旧聞だが、書いておく。4日の日本相撲協会評議会の発表に納得した人は少なかったのではないか。
朝日新聞
日本相撲協会は4日、東京・国技館で、元横綱日馬富士の傷害事件を巡って臨時の評議員会(池坊保子議長)を開き、貴乃花親方(元横綱)の理事解任を全会一致で決議した。
この日は2人が欠席したが、議決に加わらない池坊議長以外の4人全員が解任に賛成した。
記者会見に臨んだ池坊議長は貴乃花親方について「暴行問題に対して報告義務を怠り、危機管理委員会の調査への協力を拒否しました。公益法人の役員としては考えられない行為で、忠実義務に大きく違反している」と話した。


まず、この重要な会議に、7人中2人が欠席したのが異様だ。出席者は池坊保子(元文部科学副大臣)、小西彦衞(元日本公認会計士協会副会長)、大嶽親方(元十両・大竜)、湊川親方(元小結・大徹)、二子山親方(元大関・雅山)、欠席は千家尊祐(第84代出雲国造)、海老沢勝二(元NHK会長)。急な召集だったので時間の都合がつかなかったのかもしれないが、NHK出身の海老沢氏は貴乃花に対する処分に加担したくなかった可能性もあろう。

結局、この事件で「罰を受けた」のは、貴乃花親方だけだった。
暴力事件の加害者である日間富士は、自主的に引退。師匠の伊勢ケ浜親方も、自ら理事を辞任した、協会、評議委員会はそれを追認しただけだ。

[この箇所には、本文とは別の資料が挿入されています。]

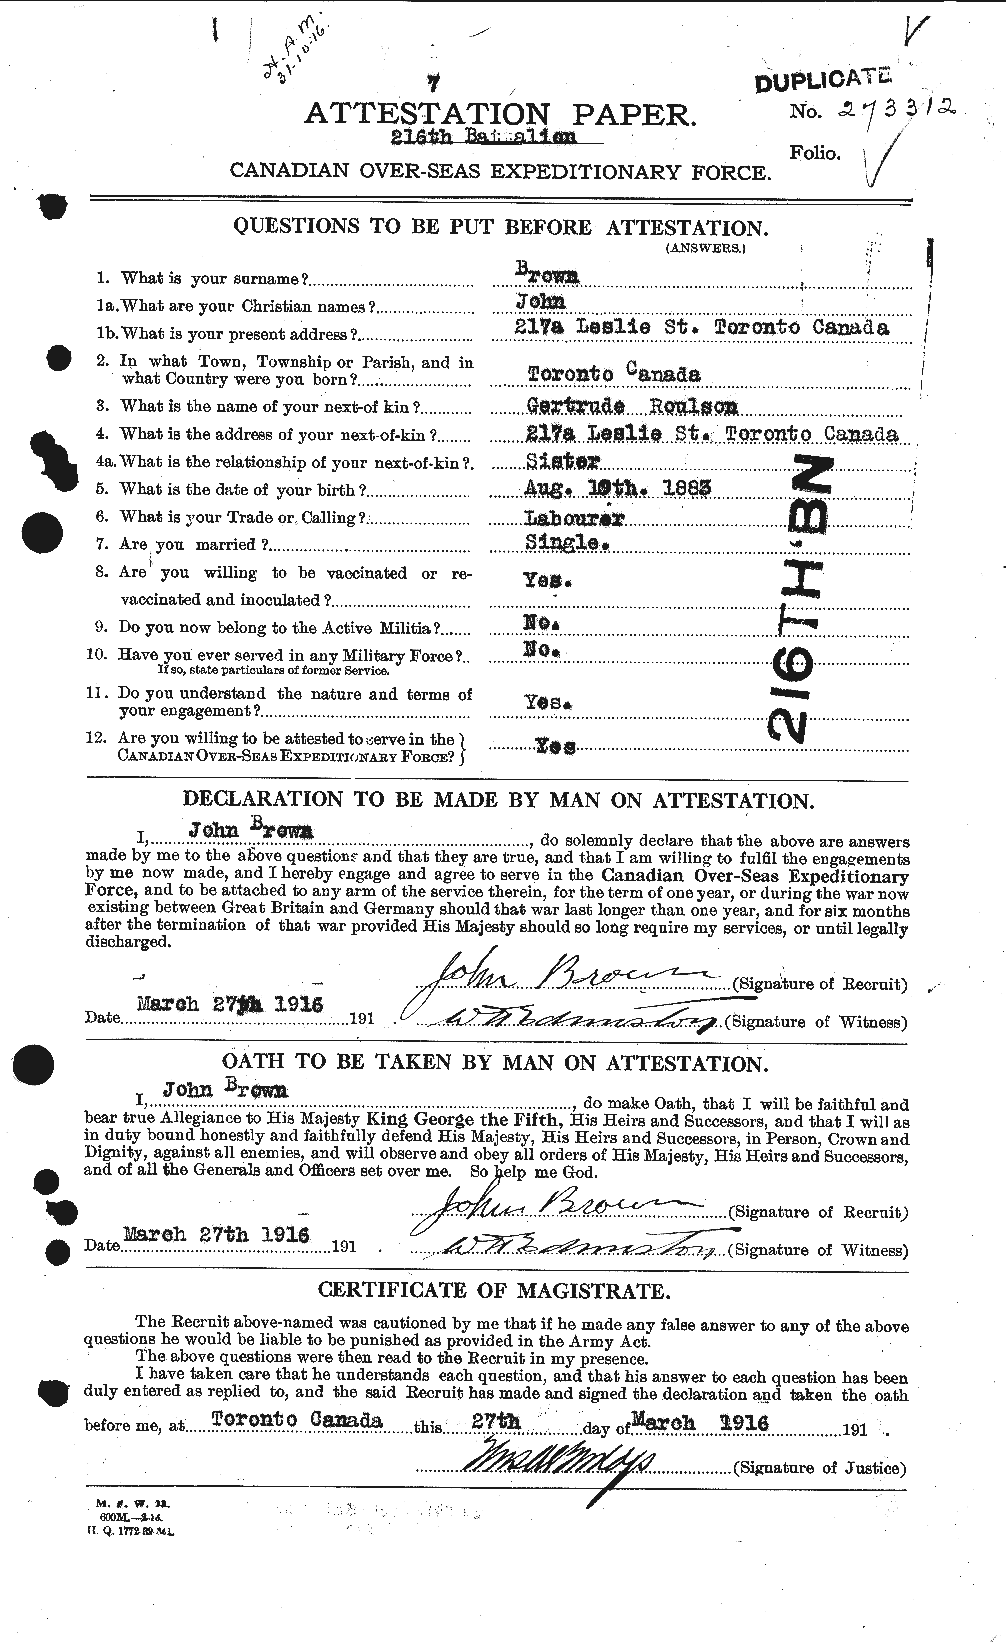 Dossiers du Personnel de la Première Guerre mondiale - CEC 264550a

叱責も何もしていない。
そして貴乃花親方だけが、協会から叱責され、名誉も地位も失墜した。

池坊議長は、協会側の電話に出ず、対応しなかった貴乃花親方を「失礼である」と非難した。
横綱3人がかかわる深刻な暴力事件が「失礼」という些事にすり変わったのだ。

日本相撲協会は、2010年に起こった野球賭博、八百長事件で壊滅的な打撃を受け、本場所が開けない事態に陥った。身内を擁護し、事実を隠蔽する体質が、破滅を招いた。
その轍を踏まないために、外部の有識者を経営に参画させたはずだが、今の評議員会は、親方衆よりもひどい。
どんな報酬を得ているのか知らないが、協会の組織防衛の片棒を担いでいるだけだ。愚行で破滅した協会を監視するという本来の役割を全く果たしていない。

貴乃花親方は、相撲協会が警察への被害届を取り下げるように依頼したと言った。評議会は、このことについてしっかり事実確認をしたのだろうか。

貴乃花という不世出の力士は、世渡りが下手でコミュニケーション能力も最悪だ。しかし、彼の今回の行動は、相撲界に迫る危機に対する注意喚起と、改革への機運を盛り上げたいという意図があったと思われるが、ジャーナリストを含む有識者からなる評議会は、貴乃花の発したサインを一顧だにしなかった。

八角理事長は「評議員会において全会一致にて解任が決定されたことを踏まえ、今後は再発防止に努め、より一層気を引き締めて内部統制を図りたいと存じます。そして何より、力士が安心して稽古に精進し、本場所で多くのファンを魅了し続けるよう、全力で取り組む次第でございます」
と言った。

貴乃花のような反逆者が出ないように、内部統制をはかるというのだ。最悪である。

テレビ、新聞などの死んだメディアは動かないだろうが、週刊誌は鵜の目鷹の目で取材をしているはずだ。
近い将来、相撲界は深刻なスキャンダルに見舞われる可能性が高い。それはおそらく、モンゴル力士の地下水脈に関するものになると思われる。貴乃花はそれに対して警鐘を鳴らしていたことが、その時にわかると思う。

そうなったときに、協会はもとより、評議会の責任が厳しく問われることになるだろう。